Después de trabajar durante horas, mi muñeca comenzó a doler, así que apagué la laptop y la dejé a un lado…
Miré los contenedores de comida vacíos y gemí suavemente…
todavía tenía hambre incluso después de comer tanta comida…
Decidí no ser perezosa y comencé a empacar todas las comidas para llevar de nuevo en las bolsas de papel marrón, limpié la mesa de café y llevé todo al basurero…
También limpié mis manos y luego fui a lavarme la cara.
Regresé a la habitación con la intención de dormir cuando vi que sus dedos se movían…
“¡Dios mío!” Me cubrí la boca emocionada mientras me apresuraba hacia su cama para asegurarme de que no estaba viendo cosas…
Movió sus dedos de nuevo y esta vez con movimientos más grandes y tenía el ceño fruncido…
“¿Damian?” Llamé su nombre y, para mi mayor sorpresa, obtuve una respuesta…
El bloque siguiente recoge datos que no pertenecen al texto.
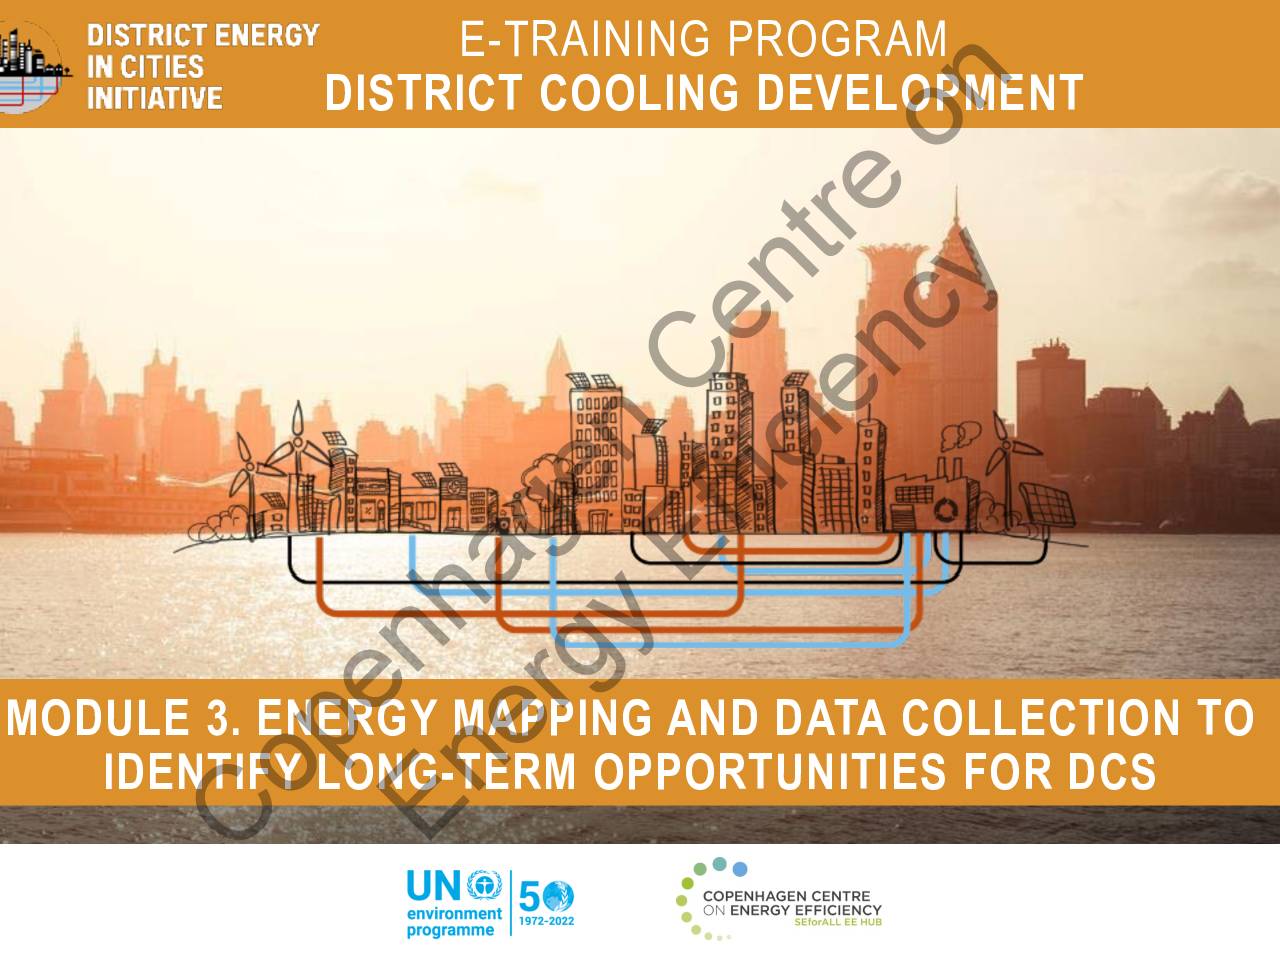 Module 3 – Energy mapping and data collection to identify long-term opportunities for District Cooling Systems

“¿Qué me pasó?” Murmuró sin abrir los ojos, pero sus cejas fruncidas eran una indicación de que probablemente tenía un dolor de cabeza…
Rápidamente toqué el timbre de emergencia y en poco tiempo los doctores volvieron corriendo a la habitación junto con Adrian…
Al ver la emoción en mi rostro supieron que algo bueno debía haber pasado…
“¡Está despierto!” Grité felizmente y los doctores inmediatamente se acercaron a él para revisarlo.
“Lord Damian, ¿puede oírme?” Preguntó el director mientras pasaba una mini luz led por sus ojos…
“Aléjate, estás haciendo mucho ruido…” murmuró Damian mientras abría lentamente los ojos y todos dejaron escapar un suspiro de alivio…
Adrián soltó el aire que no sabía que estaba conteniendo cuando lo vio abrir los ojos…
“¿Siente alguna molestia en algún lado, señor?” Preguntó el director, pero Damián simplemente lo fulminó con la mirada e intentó incorporarse.
Adrián y yo nos lanzamos hacia él y lo ayudamos a sentarse, pero algo extraño ocurrió cuando miró esos ojos extraños, como si no me conociera o algo así.
Me encogí de hombros, descartando esos pensamientos y decidí no pensar en nada más y simplemente esperar…
“No siento nada…” Habló calmadamente…
“¿Y qué hay de tus piernas?
¿Puedes moverlas?” Preguntó el director y Damián de inmediato intentó mover las piernas, lo que mostró que estaba completamente bien.
Pero aún quedaba una cosa más por probar, que era la prueba de memoria…
“¿Recuerdas tu nombre?” Preguntó el director con una expresión incómoda solo para recibir otra mirada asesina de Damián…
“Damián Rodríguez y ese hombre ahí es mi secretario.” Parecía enojado al hablar y cuando sus ojos se posaron en los míos, simplemente levantó una ceja y desvió la mirada…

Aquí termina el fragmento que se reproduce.